For women, the cardio load is set less than for men. It is important to take into account the pulse - it should not rise above 100-120 beats in unprepared people and people with a weak heart. Breathing should not be interrupted and lead to dizziness - this is fraught with falls and injuries.
User reviews and results
Real reviews say that the exercise bike really helps you lose weight. The main thing is to constantly increase the pace and intensity of your training.
“For those who still doubt whether an exercise bike helps you lose weight, I want to tell you about my results. In 3 winter months I lost 8 kilograms without leaving home! I just turned on my favorite TV series every evening and pedaled at an average speed.”
So you shouldn’t give up exercising on an exercise bike. Regular workouts will definitely help you achieve your dream figure.
Answers to frequently asked questions
1. Which is better for losing weight: a treadmill or an exercise bike?
The running belt enhances fat burning by 20-30%, and with it you can achieve results faster. But it is worth considering that running is not beneficial for everyone - it is more traumatic for the knees and joints than cycling. If you want to increase the efficiency of your bike, you should take a closer look at spin bikes.
2. Who is contraindicated to exercise?
You should avoid training if you have diabetes, neoplasms, thrombophlebitis, diseases of the cardiovascular system and musculoskeletal system, bronchial asthma, and hypertension. If chronic illnesses have worsened or the flu has appeared, training should be postponed until you feel better.

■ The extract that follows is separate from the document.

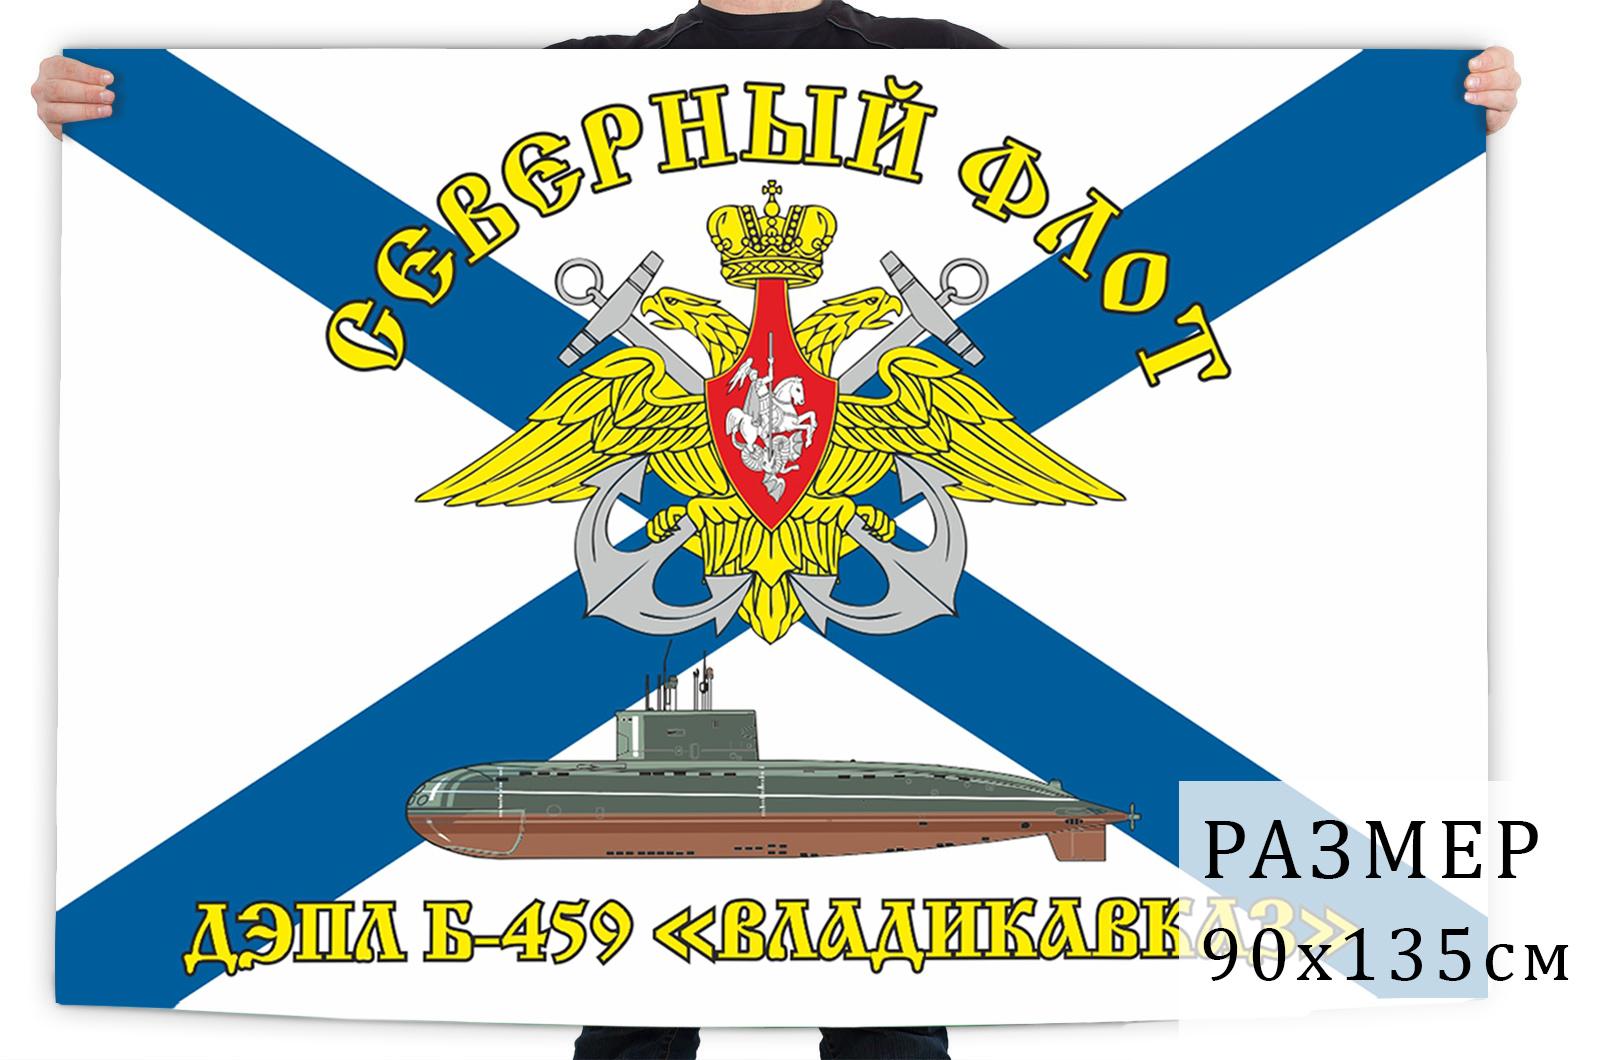 Купить онлайн флаг ВМФ Б-459 Владикавказ Северный флот

It is worth stopping the exercise if dizziness, nausea, rapid heartbeat, chest pain appear, breathing becomes erratic, and blood pressure rises.
Contraindications
Due to the fact that the loads during cycling are higher than training on a regular exercise bike, there are a number of contraindications for this direction:
- hypotension and hypertension;
- heart diseases;
- pregnancy at all stages;
- varicose veins and thrombophlebitis;
- chronic joint pathologies.
Before starting classes, you should definitely visit a therapist and get a certificate of no contraindications. Experienced cycling trainers conduct a preliminary conversation with each new client, monitor his physical indicators during training, determine how long the lesson will last, and prescribe the appropriate type of exercise, set of loads and intervals between them.
Since cycling is an intense and dynamic sport, classes must be started under the supervision of a trainer. A professional will select the types of exercises and tell you how to perform them correctly so that the beginner does not encounter injuries such as sprains and dislocations. Cycling is especially harmful for those with weak knee joints. If there are such problems, it is not recommended for a beginner to practice on his own.